Exercise brief
Going line by line through the records below, write out everything starting with the line containing "Long 3b Curly Hair with a Side Part" and going on through the line containing "Photograph tracking the", exactly and inclusively. Pictures do not go in.

Supplied records
——

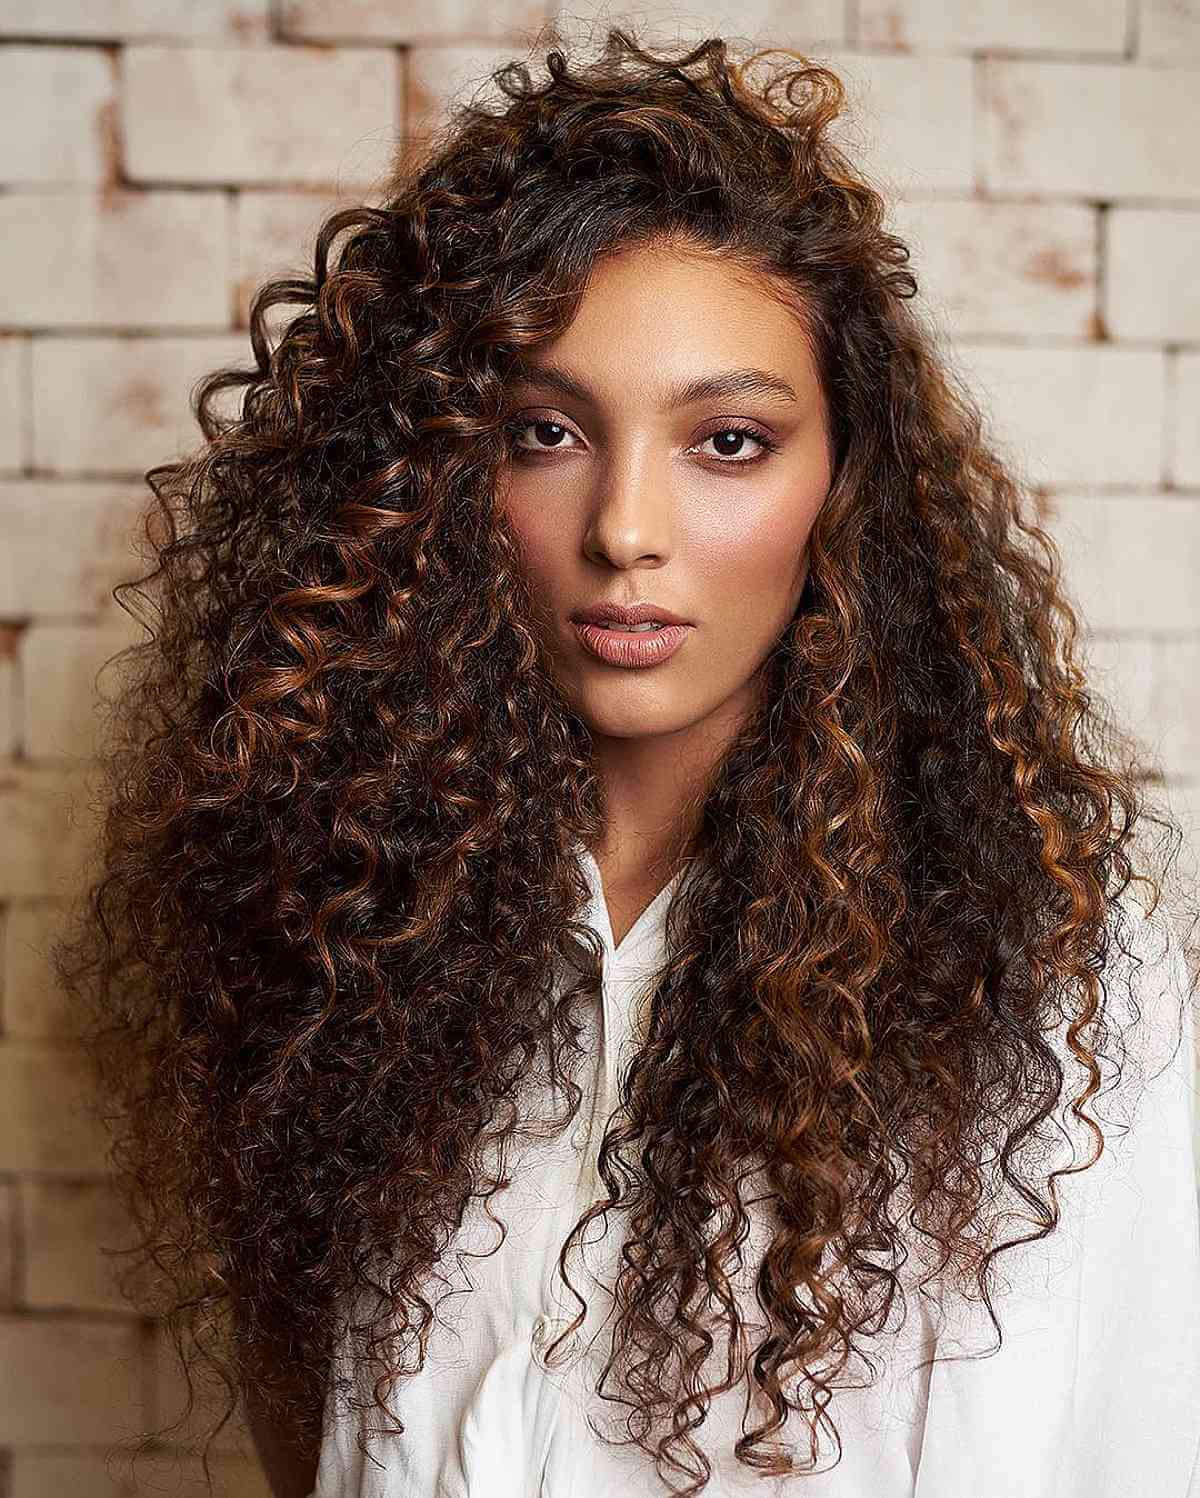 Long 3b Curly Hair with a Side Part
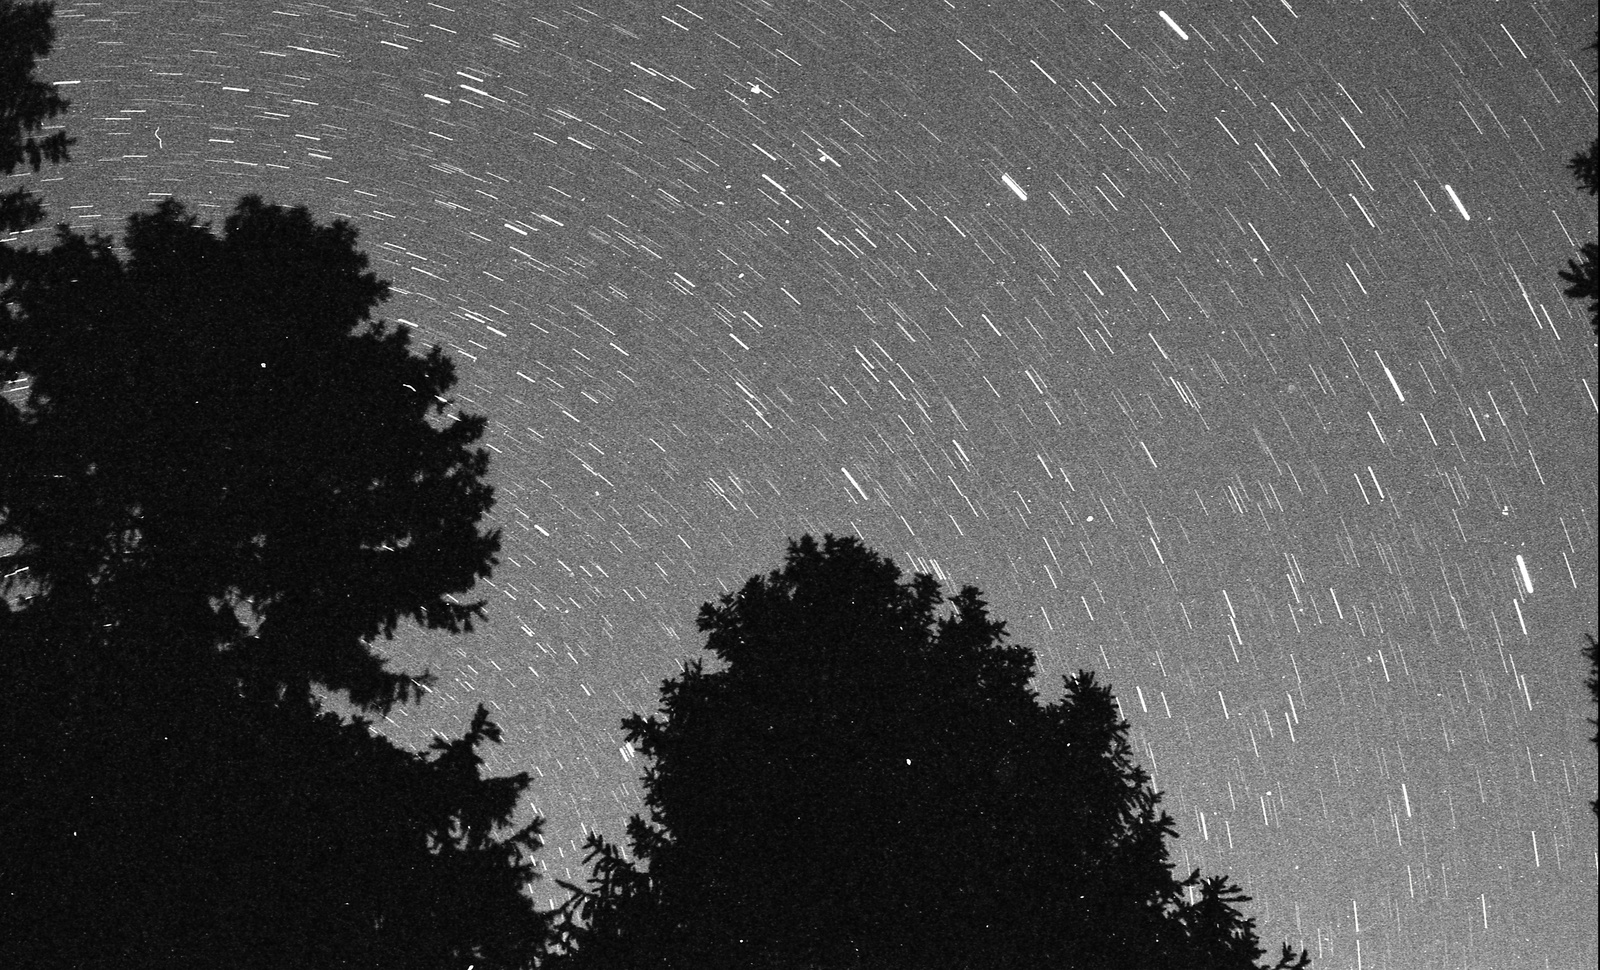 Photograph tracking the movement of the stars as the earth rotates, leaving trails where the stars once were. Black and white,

——

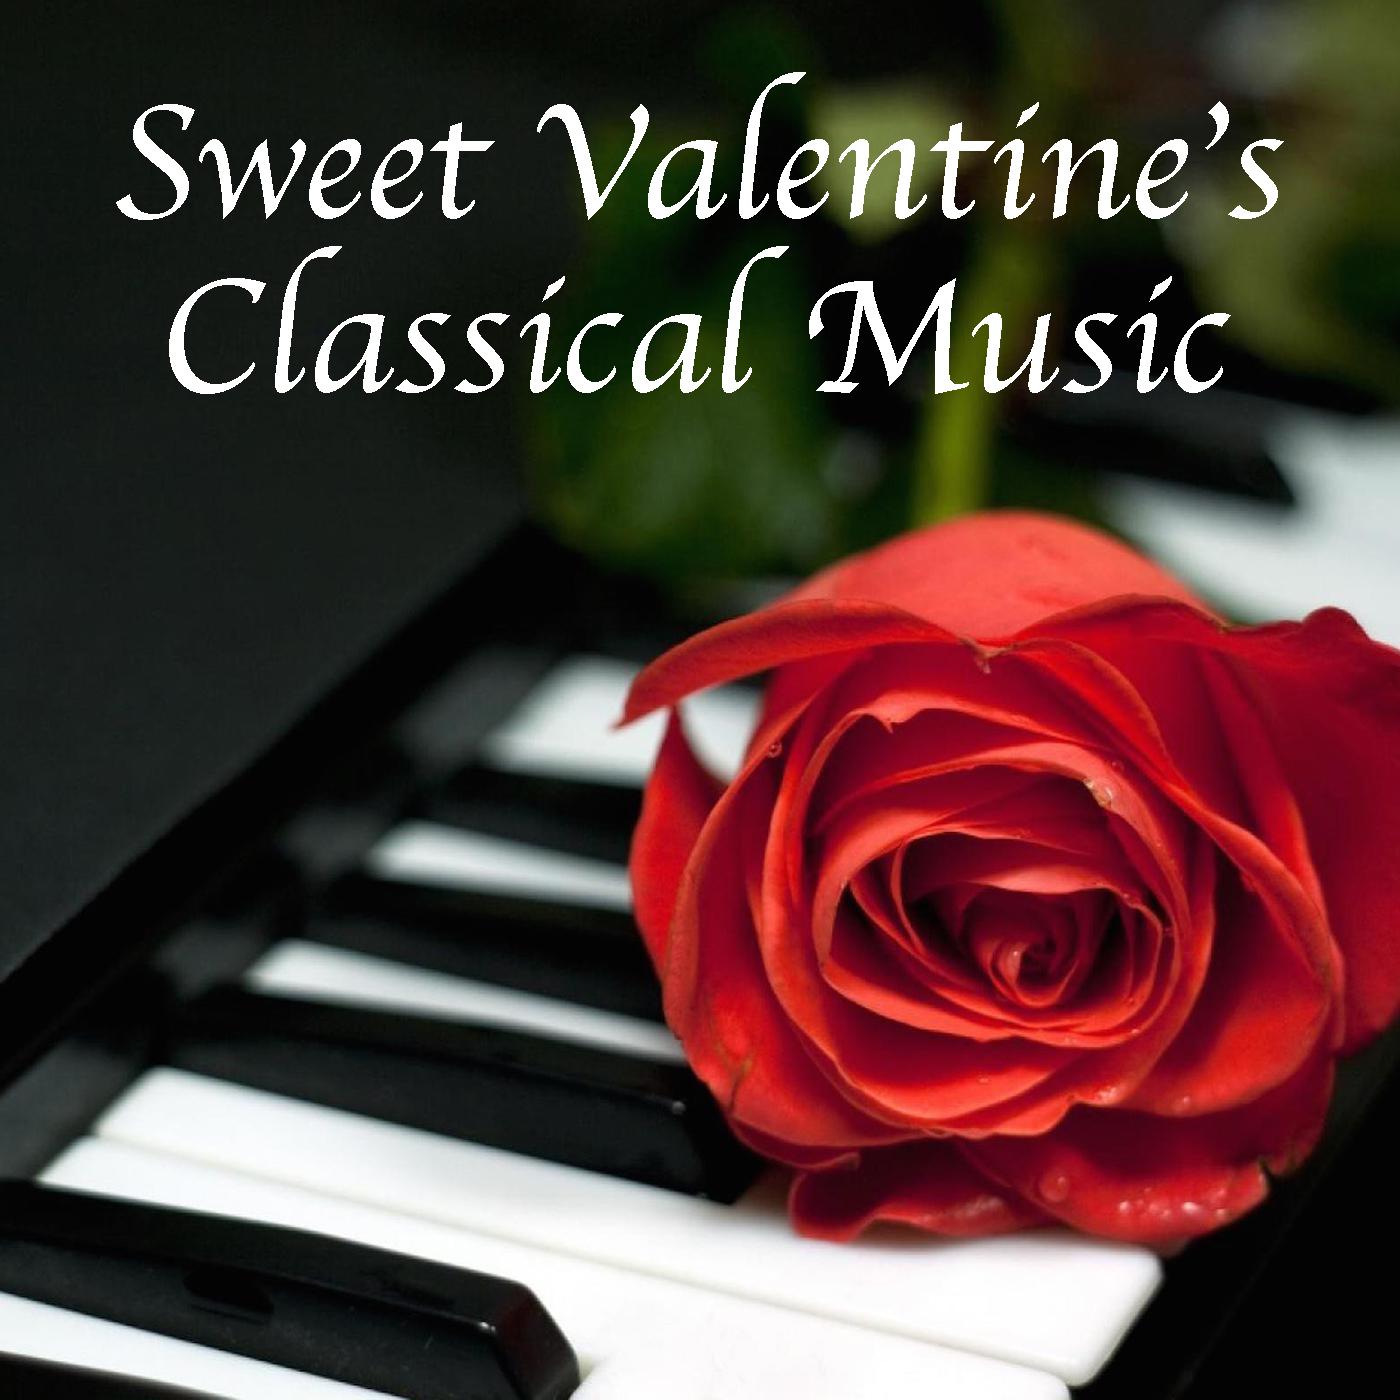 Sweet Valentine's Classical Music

——

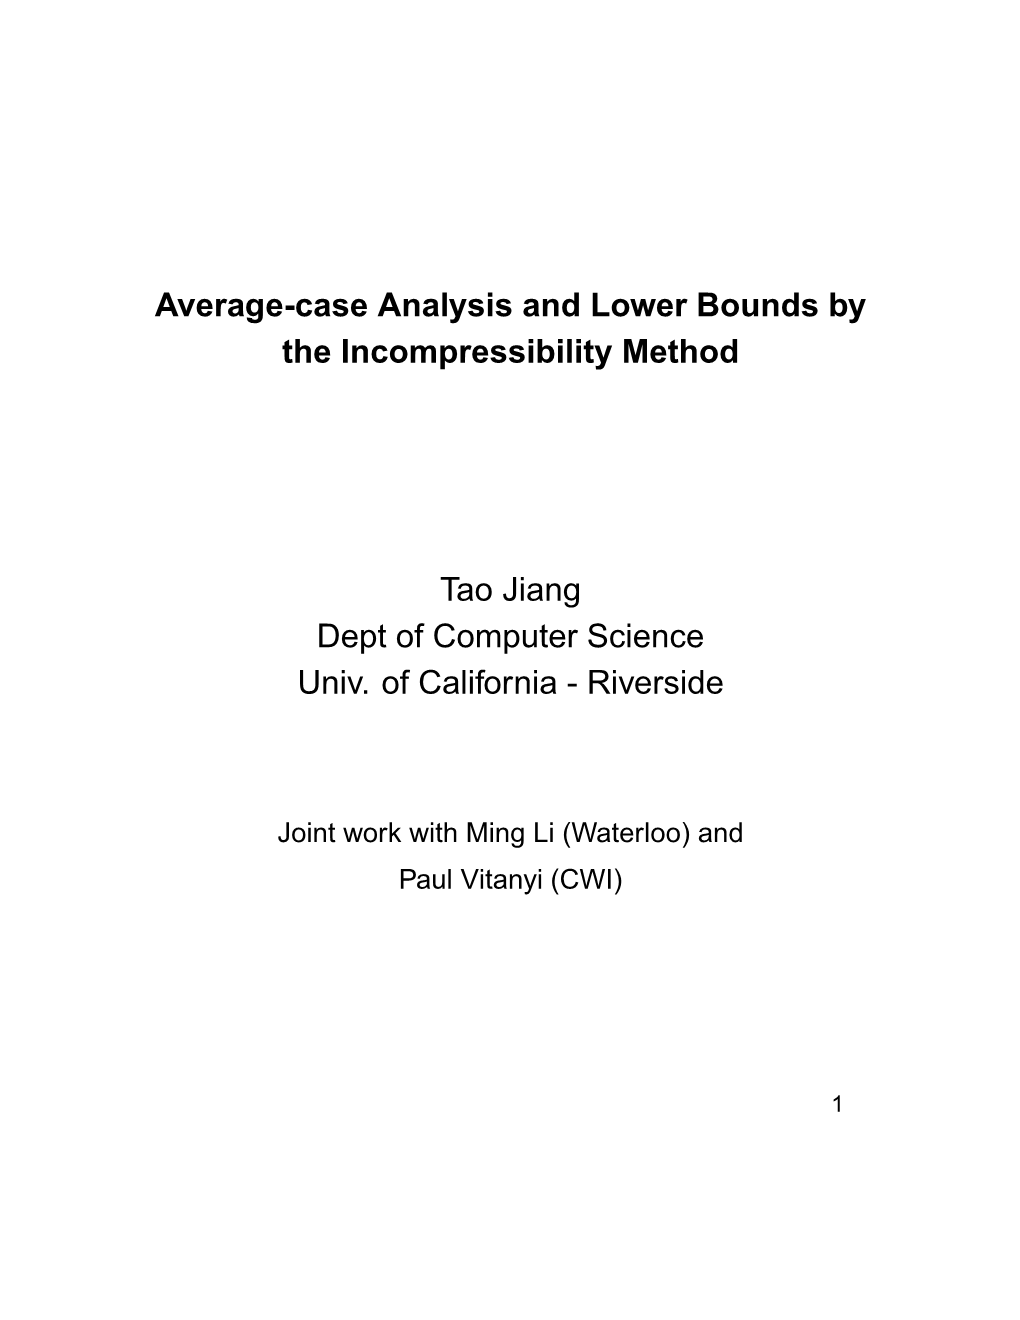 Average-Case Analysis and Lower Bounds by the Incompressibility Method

——

Final answer
 Long 3b Curly Hair with a Side Part
 Photograph tracking the movement of the stars as the earth rotates, leaving trails where the stars once were. Black and white,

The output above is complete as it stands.